_INPUT DATA_
^^^^^^^^^^^^^^^^
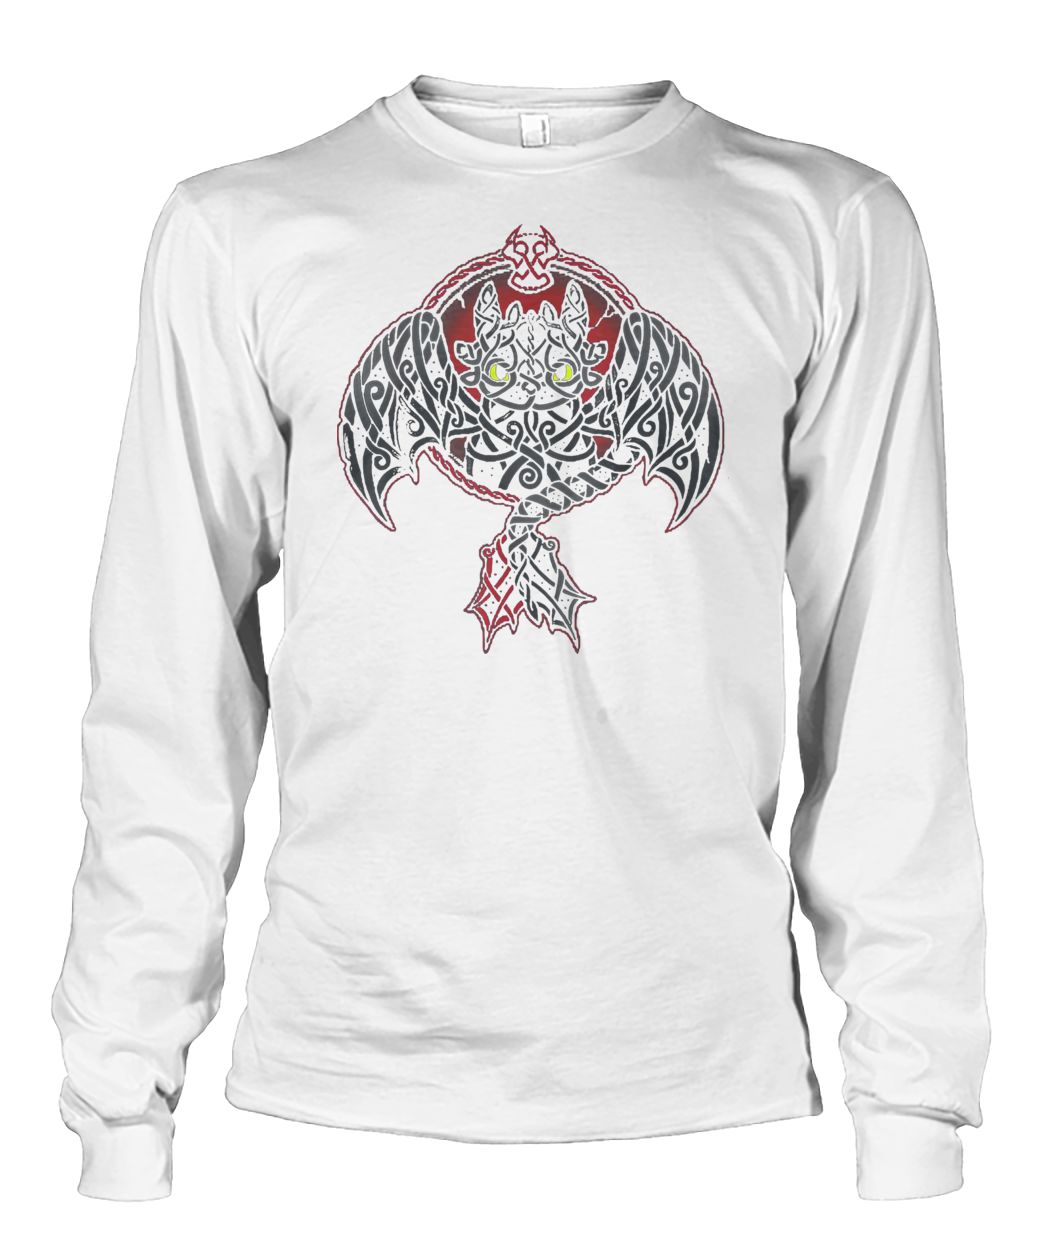 How to train your dragon viking toothless night fury unisex long sleeve
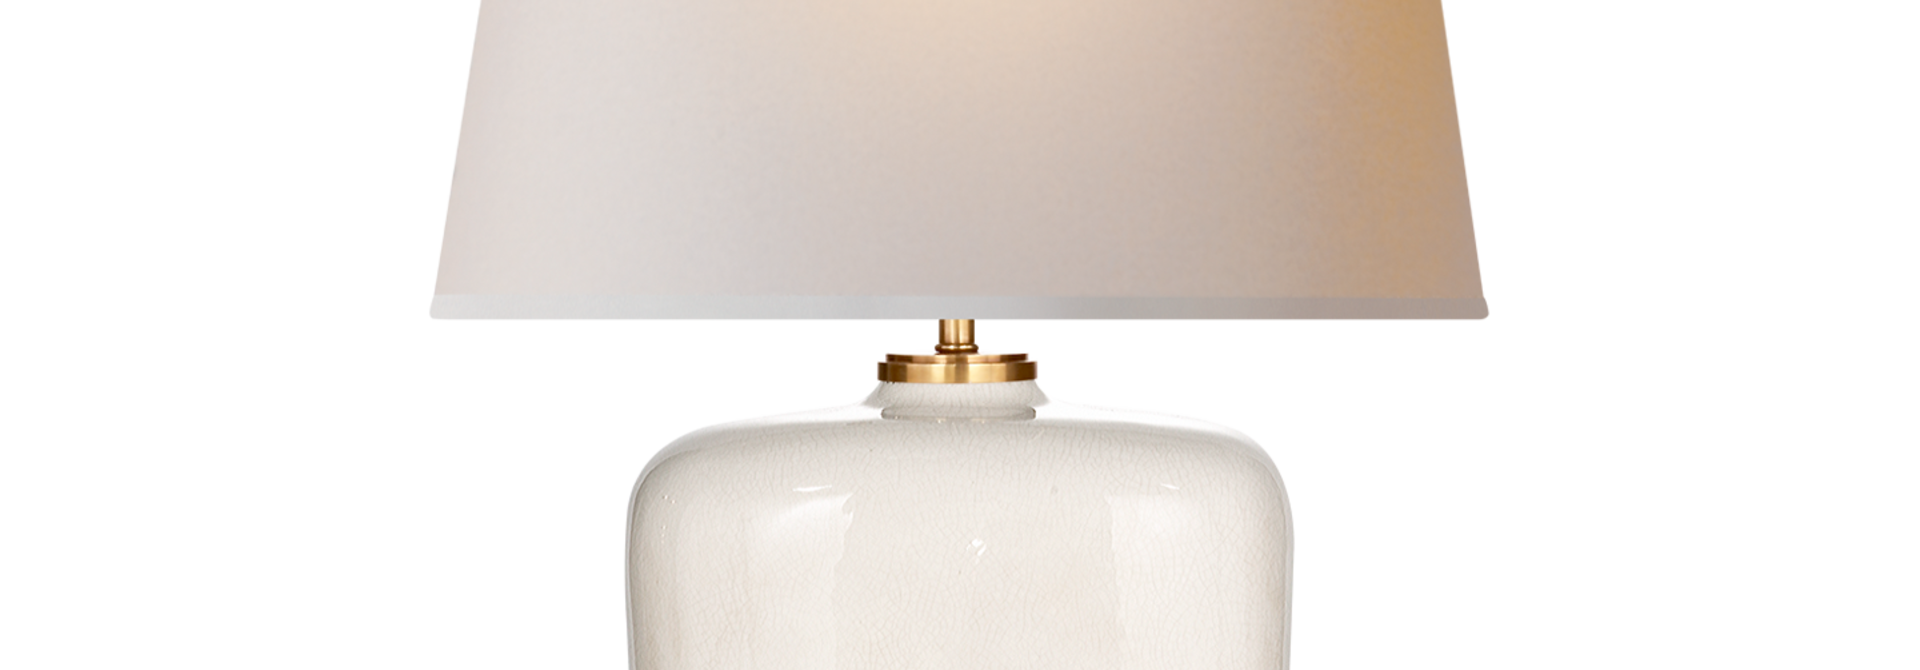 Mimi | The Table Lamp Collection, Tea Stain - 16.5 Inch x 16.5 Inch x 27.5 Inch
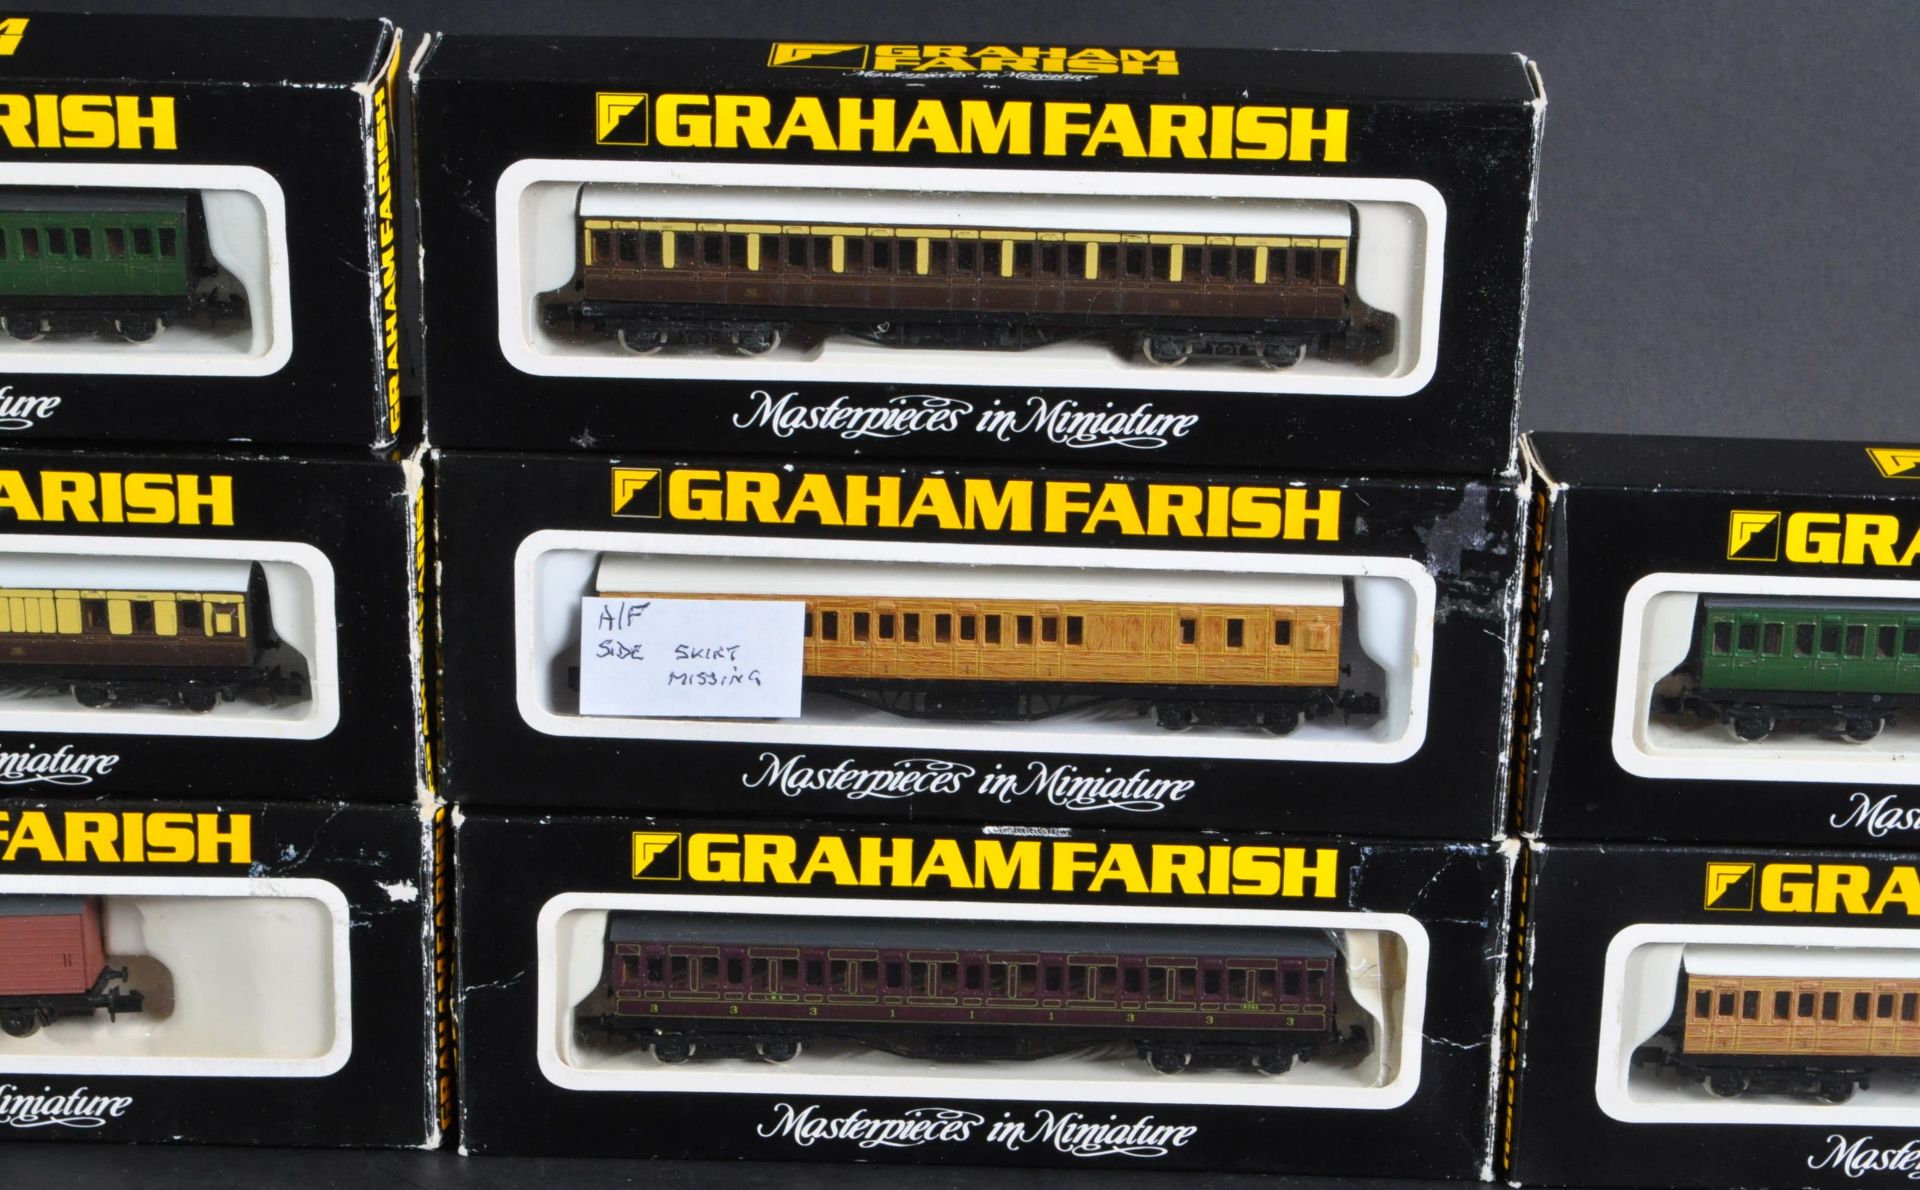 COLLECTION OF GRAHAM FARISH N GAUGE MODEL RAILWAY CARRIAGES - Image 4 of 5
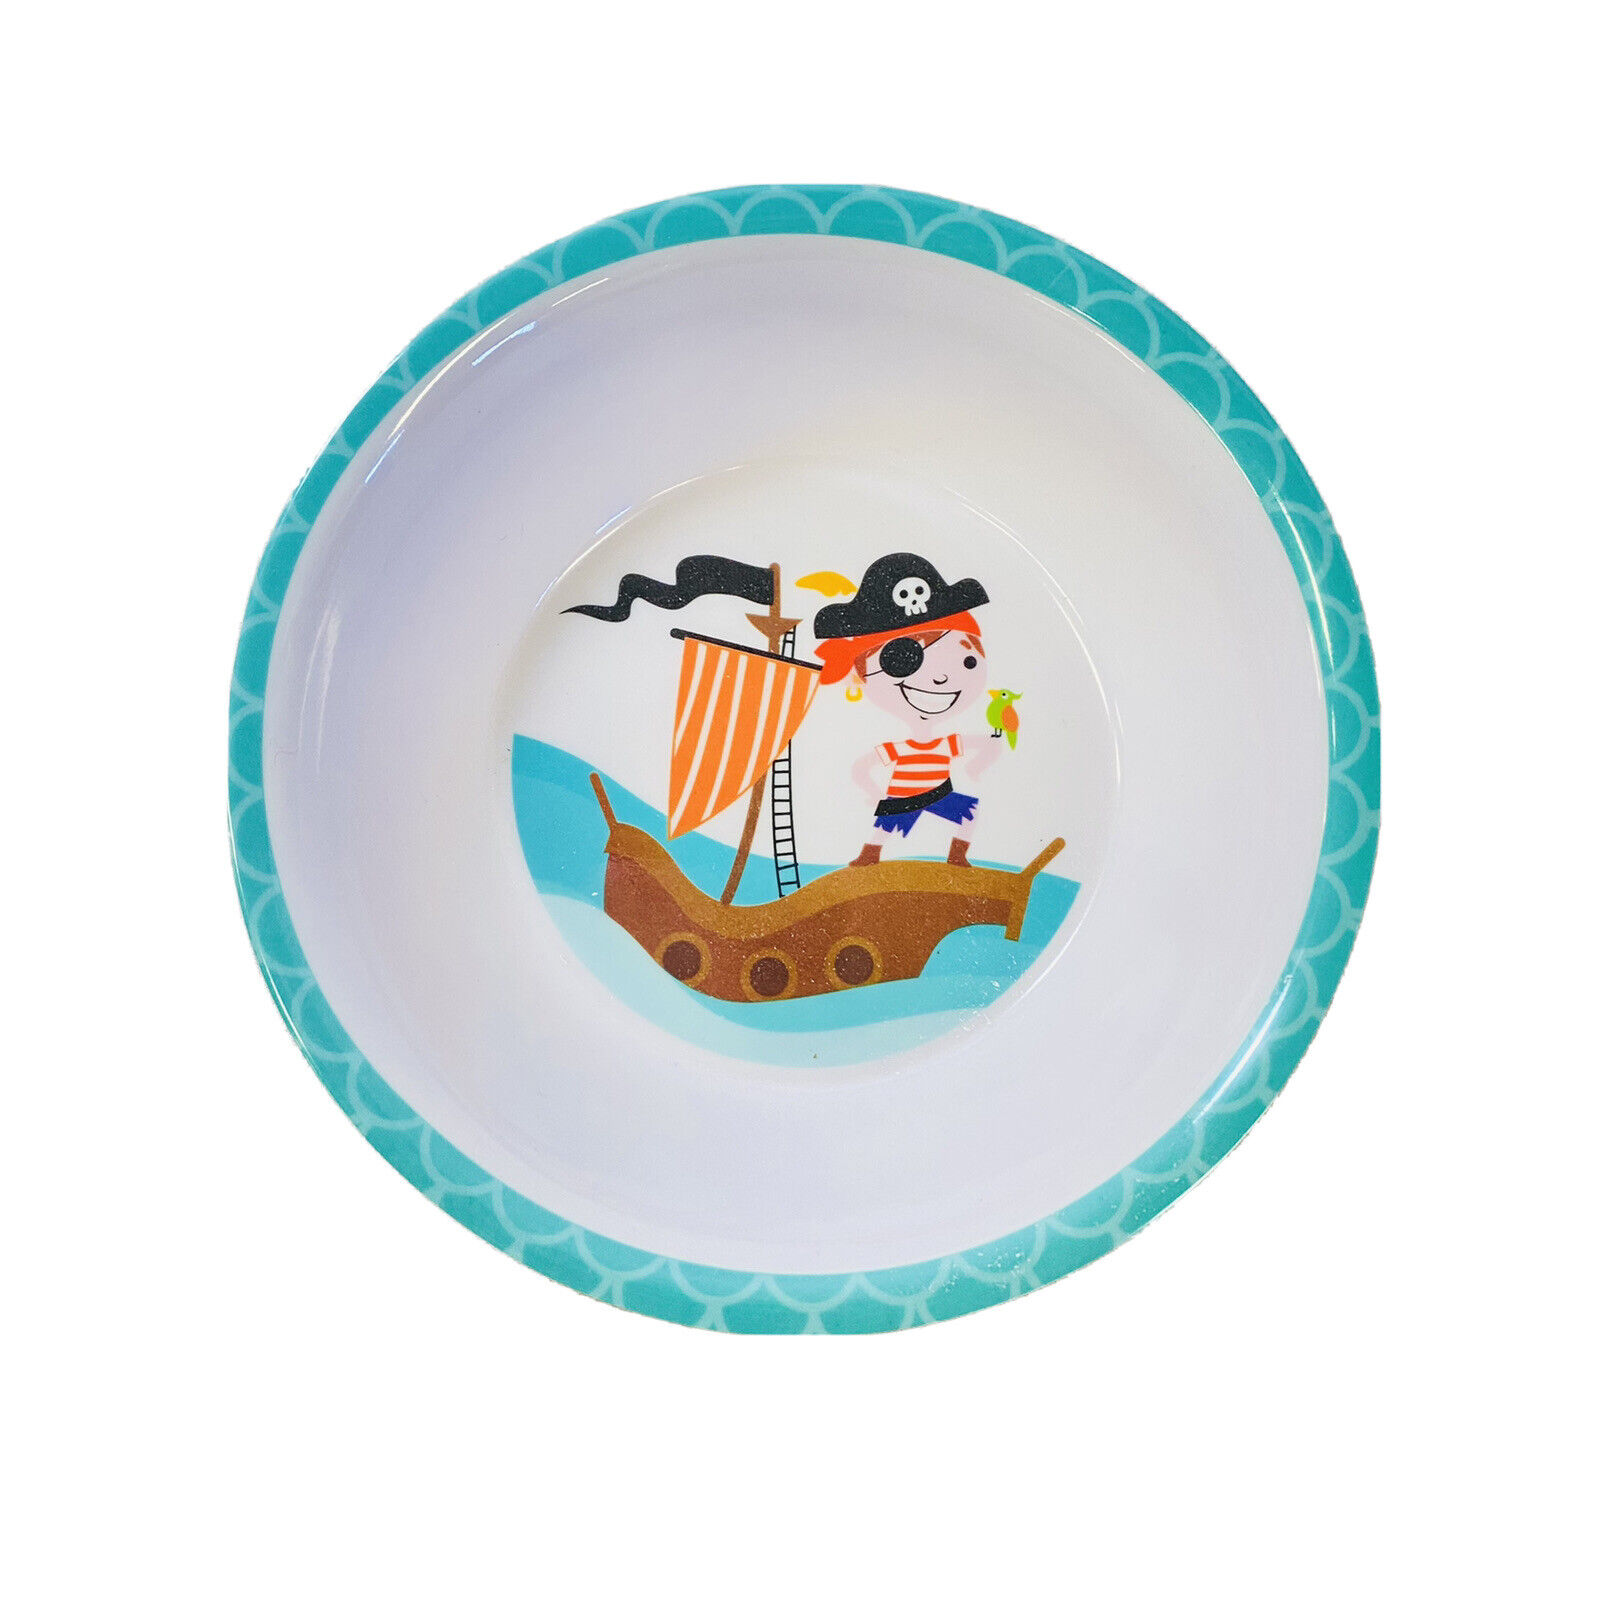 Child's Boy's Dinnerware Divided Plate Bowl & Cup Set Melamine BPA Free Pirates Regent Products n/a - фотография #3
^^^^^^^^^^^^^^^^
_EXERCISE PROMPT_
What you give back must match the material above exactly, minus its pictures.

_ANSWER TO THE PROBLEM_
 How to train your dragon viking toothless night fury unisex long sleeve
 Mimi | The Table Lamp Collection, Tea Stain - 16.5 Inch x 16.5 Inch x 27.5 Inch
 COLLECTION OF GRAHAM FARISH N GAUGE MODEL RAILWAY CARRIAGES - Image 4 of 5
 Child's Boy's Dinnerware Divided Plate Bowl & Cup Set Melamine BPA Free Pirates Regent Products n/a - фотография #3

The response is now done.